Schmitt also notes the concerns of the European public weigh on their politicians willingness to cooperate with U.S. on security matters. The U.S. faces a similar debate with the NSA’s domestic surveillance program. Interestingly, Schmitt claims that “most European states’ laws are more forward-leaning when it comes to domestic counter-terrorism than even the U.S.’s. They have the capability to be much more intrusive on their own land than, for example, the FBI.”

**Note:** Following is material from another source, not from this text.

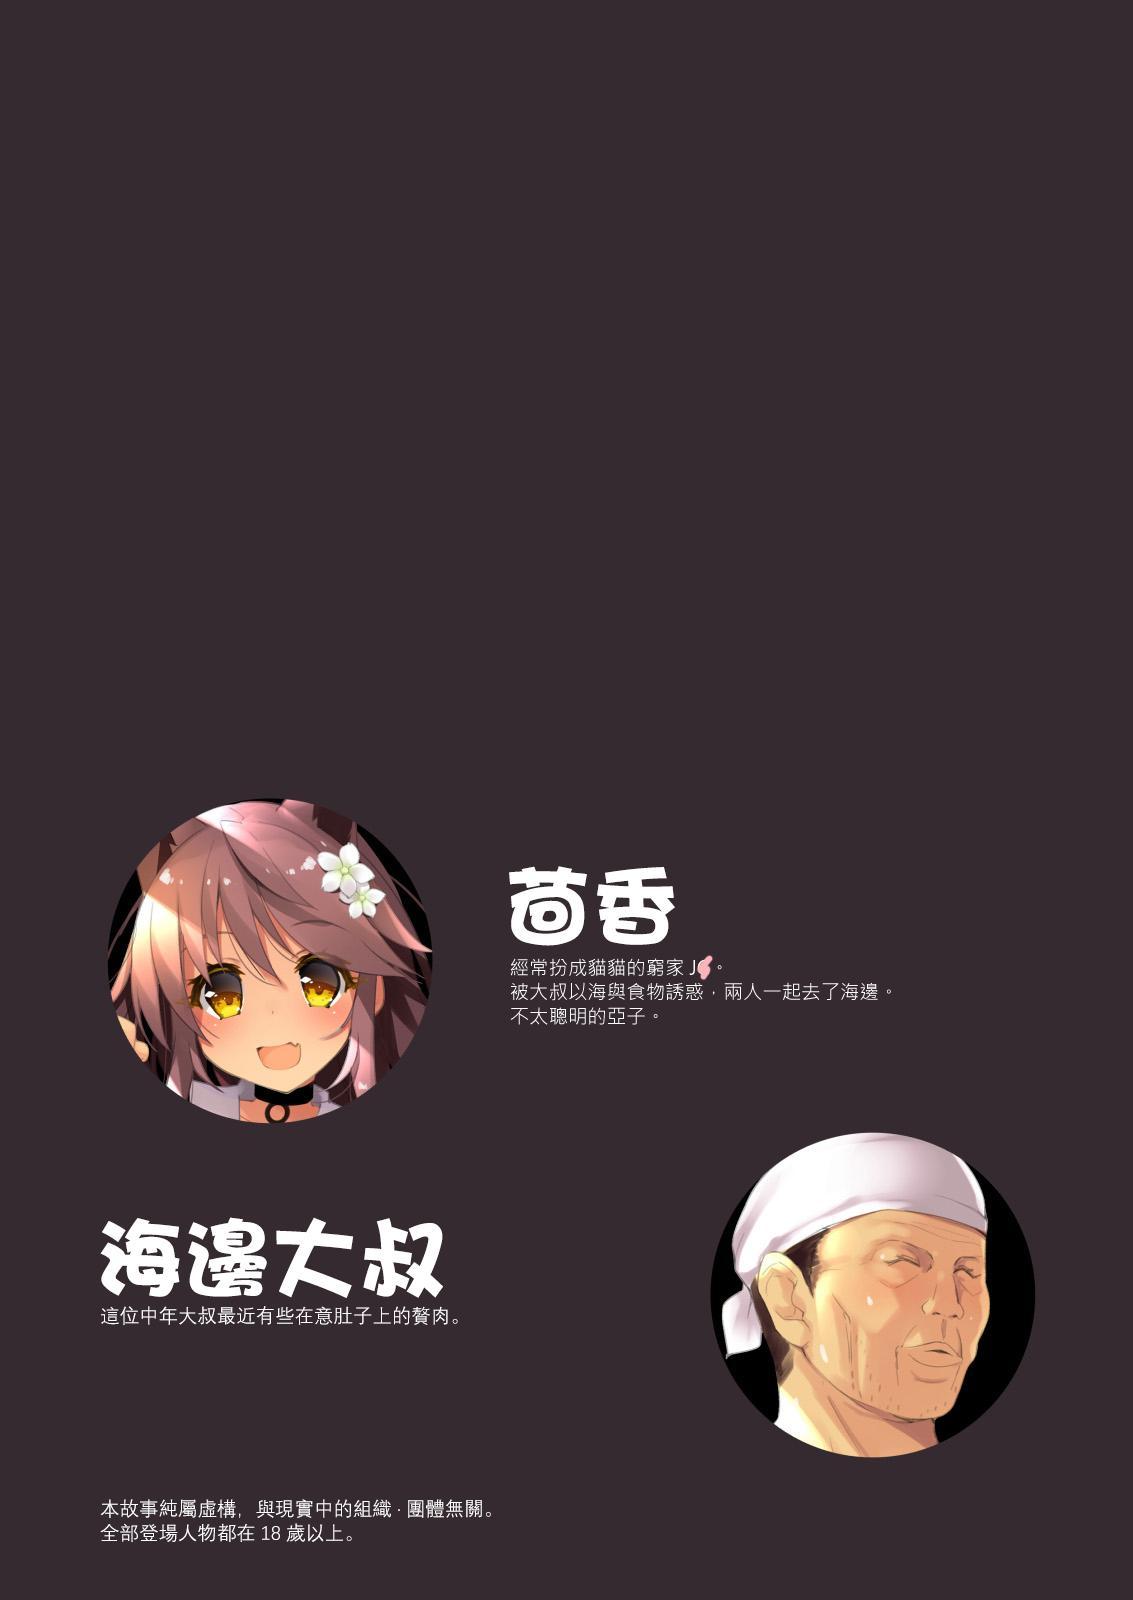 Neko Neko Note 6 Natsu no Umi de Tanetsuke Sex Suru Hon   Neko Neko Note 6 夏日海灘交配日記 2
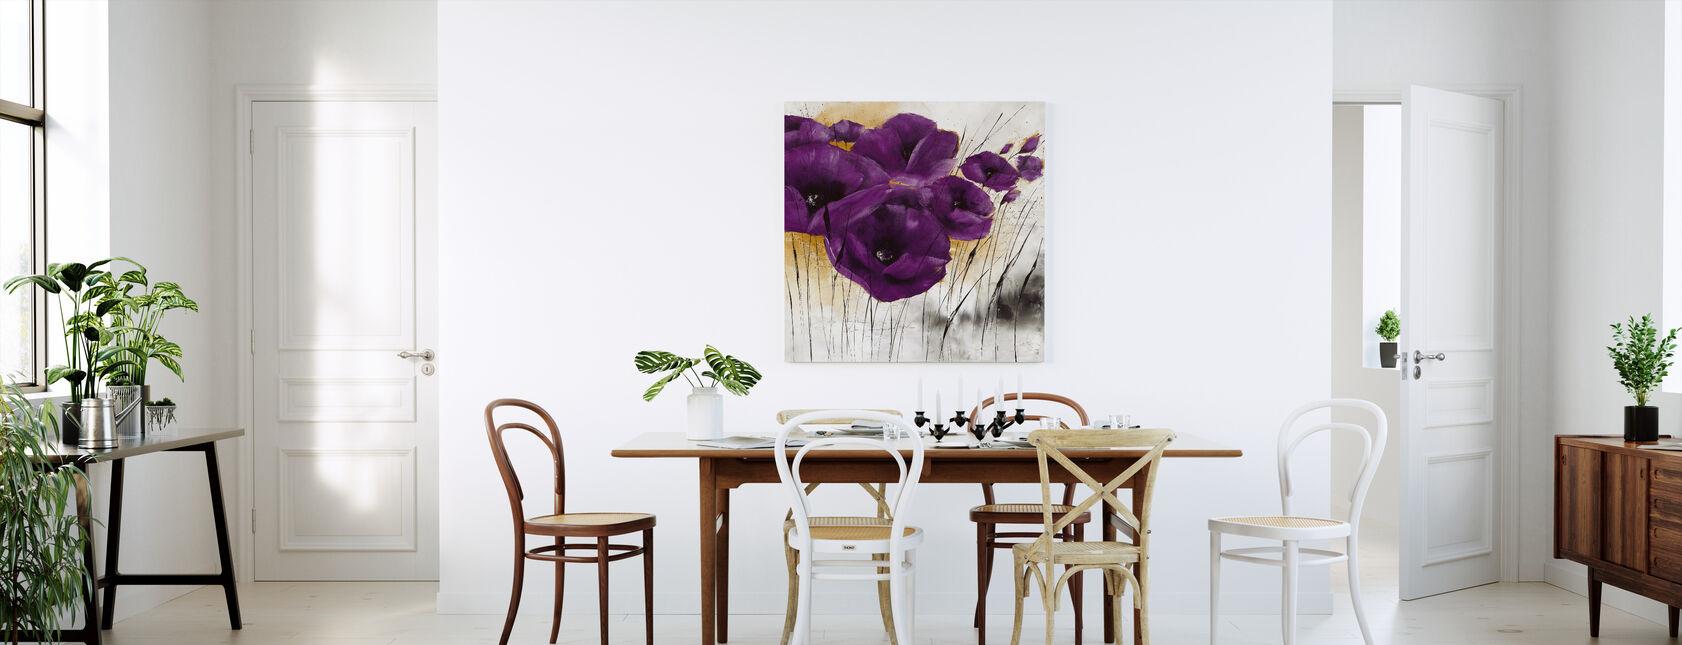 Pavot violetti IV - Canvastaulu - Keittiö

Finally, it must be noted that the current threat in Europe is largely homegrown. It’s easy to look at the North African names of the terrorists in France and decry the threat as foreign, and immigration undoubtedly plays a role in this phenomenon. But at one point does someone cease being Algerian and start being French? The two shooters reportedly spoke fluent French as they shouted at their victims, and were also both born in France. The 2005 bombings in London were similarly carried out by three British citizens born in the English county of West Yorkshire, in addition to a Jamaican-born immigrant who converted to Islam after moving to Britain. The U.S. too faces the threat of terrorists from within its own borders, with Anwar al-Awlaki and others coming to mind.
The War on Terror in Europe is more than underway, and far from over.